Despite an extremely fragmented tibia with large bone defect, this patient had a well-protected ipsilateral fibula which was fractured only a few centimeters from the distal end. During surgery, we observed that the proximal connection of the peroneal artery was intact and decided that transfer of this large vascularized fibula segment would be an ideal alternative for replacing lost tibial bone. After preparation of the two ends of the tibia, we transferred the vascularized fibula medially and placed it in between the two poles of the tibia. Our preferred fixation method with a monolateral external fixator does not allow early weight bearing before callus formation. Conversion to a circular frame after the soft tissues have healed would have been an alternative which is more stable. Although referred to in the literature, we did not experience complications of pin loosening and secondary deformities in this patient or in our previous patients to whom we performed limb lengthening procedures with monolateral external fixators [1].

Stress fracture of the fibular graft is not an uncommon complication of this technique and was reported between 7 and 35 % in the literature [2225]. This graft did not fracture in the period of follow-up.

An analysis of the literature reveals that medial transfer of the ipsilateral fibula has been performed mostly as a secondary procedure involving gradual transfer [6, 8, 9, 17] or, in a few cases, as a secondary immediate procedure [7]. These cases generally involve high-energy trauma and always entail large soft tissue and bony–tissue defects. During the healing period, tissue repair and fibrosis impair the normal regional anatomy and interfere with proper vascular microsurgical dissection.
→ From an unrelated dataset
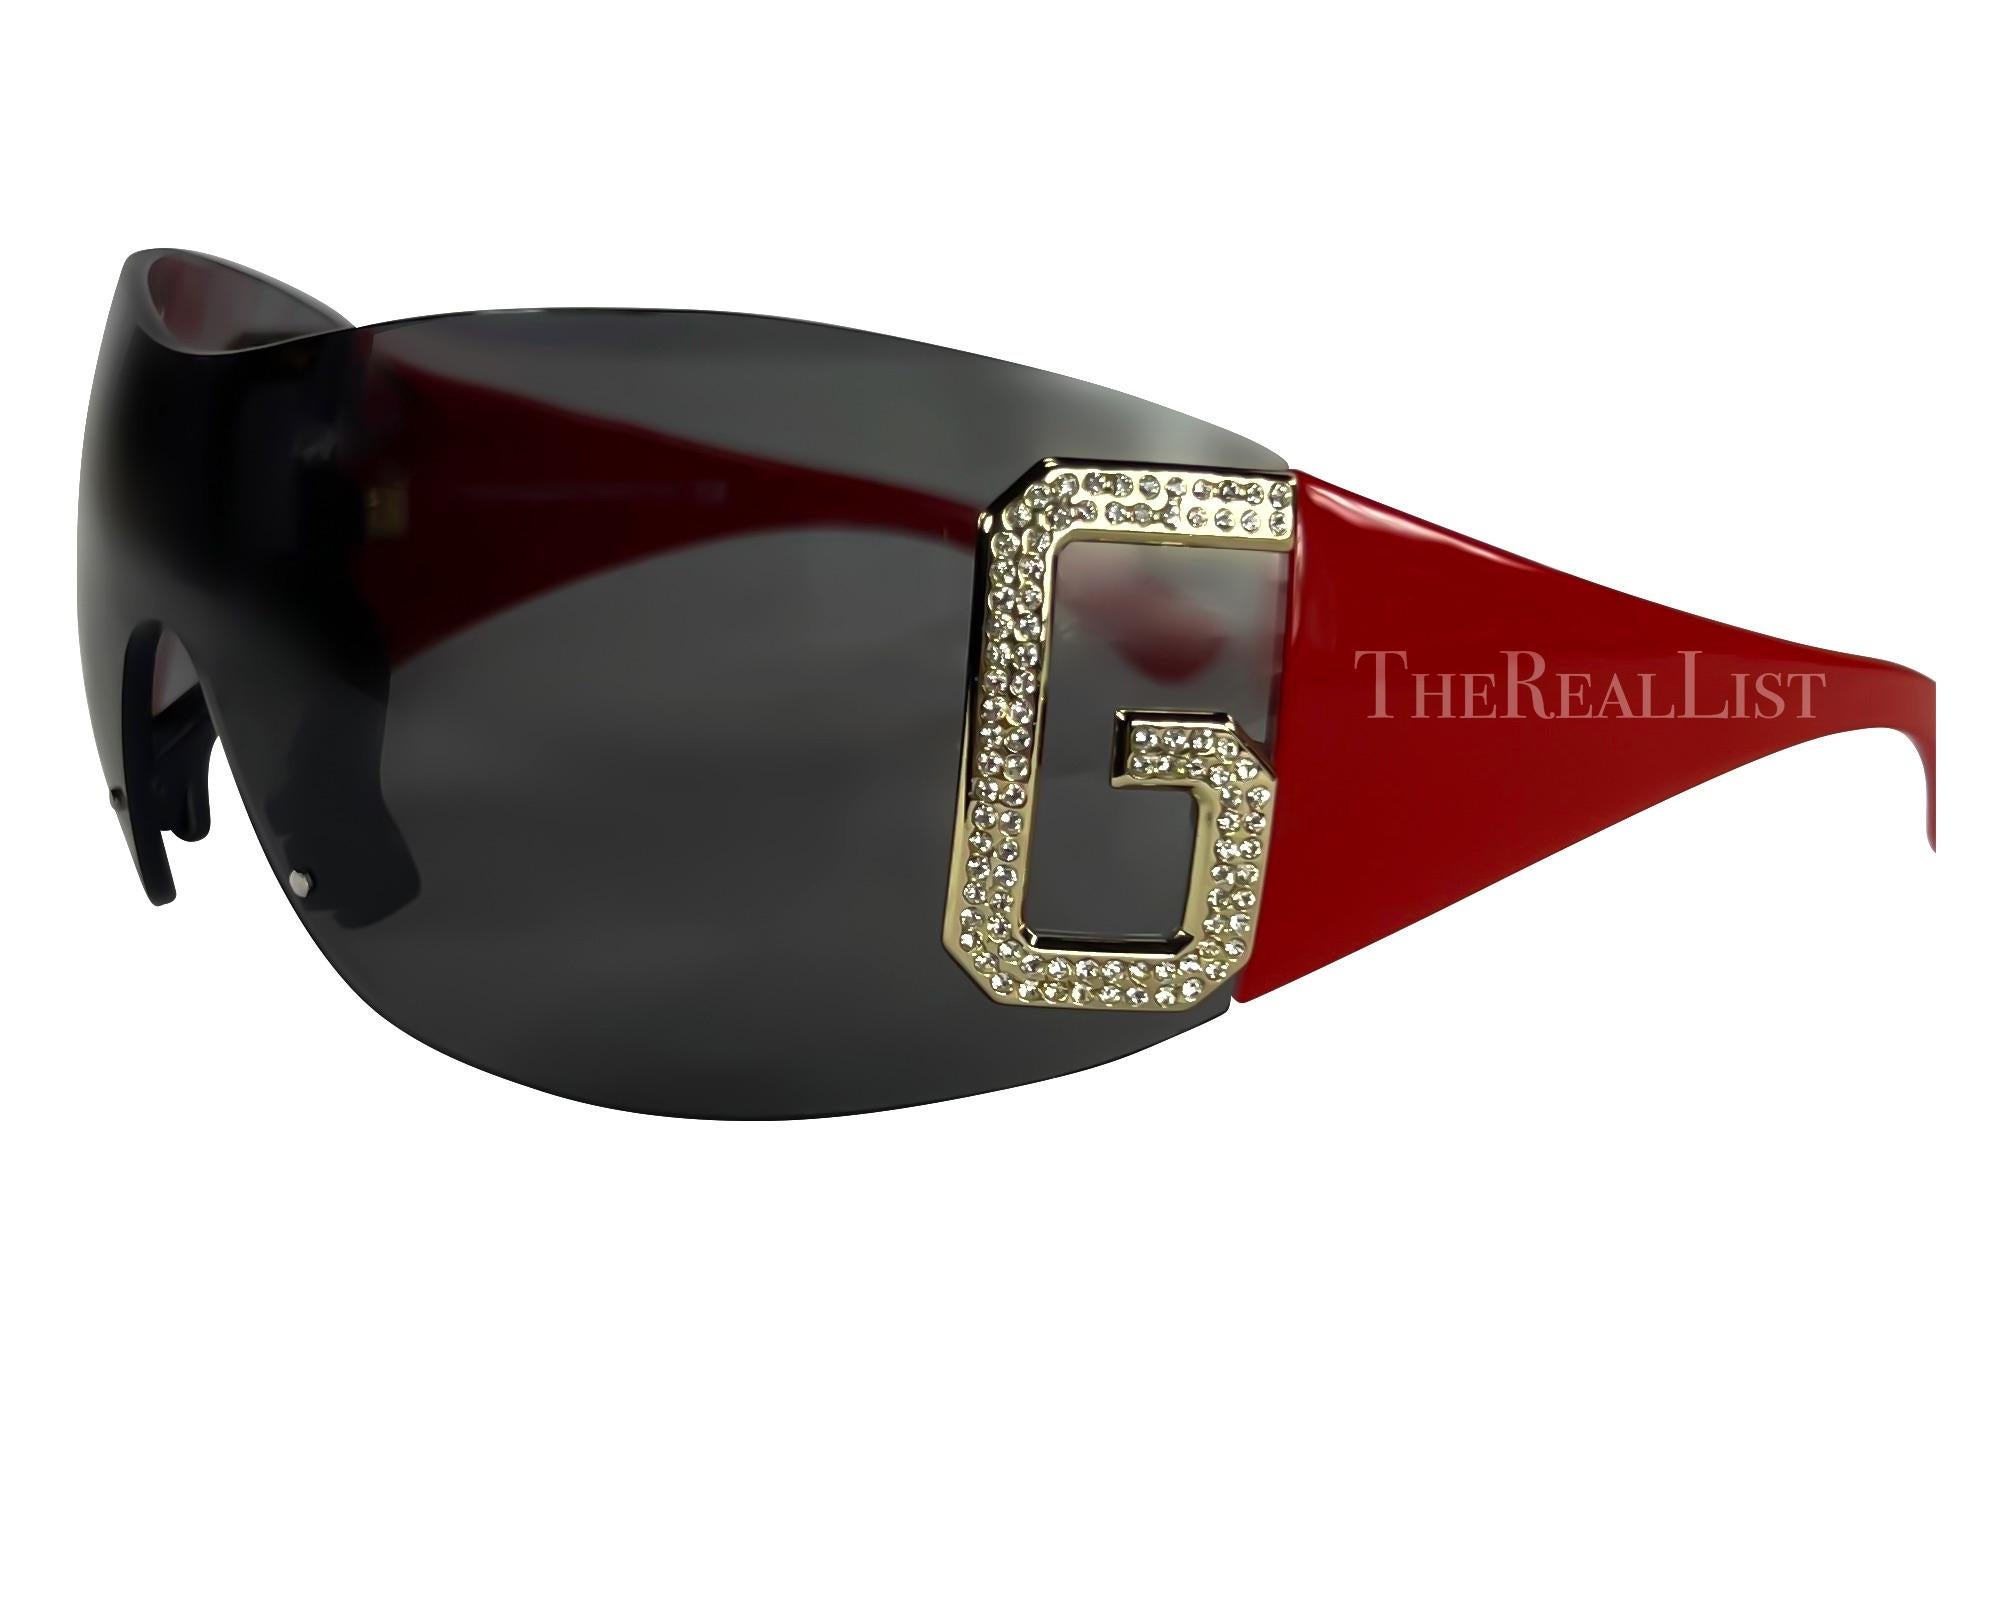 Ich präsentiere eine rote Sonnenbrille von Dolce & Gabbana. Diese übergroße, randlose Sonnenbrille aus den frühen 2000er Jahren strahlt Kühnheit und Selbstbewusstsein aus. Die großen, silberfarbenen, strassbesetzten Logos

Delayed surgery would likely be more challenging because of the difficulty of neurovascular dissection in an area with adhesive and fibrotic tissue. Therefore, we believe that immediate fibula transfer is preferable, as a first therapeutic step, to delayed surgery in selected cases.


Acute transfer of the ipsilateral fibula with its vascular pedicle intact should be considered an option for the management of large tibial defects when techniques of bone transport or acute shortening/lengthening are deemed too risky or entail an excessively prolonged treatment period.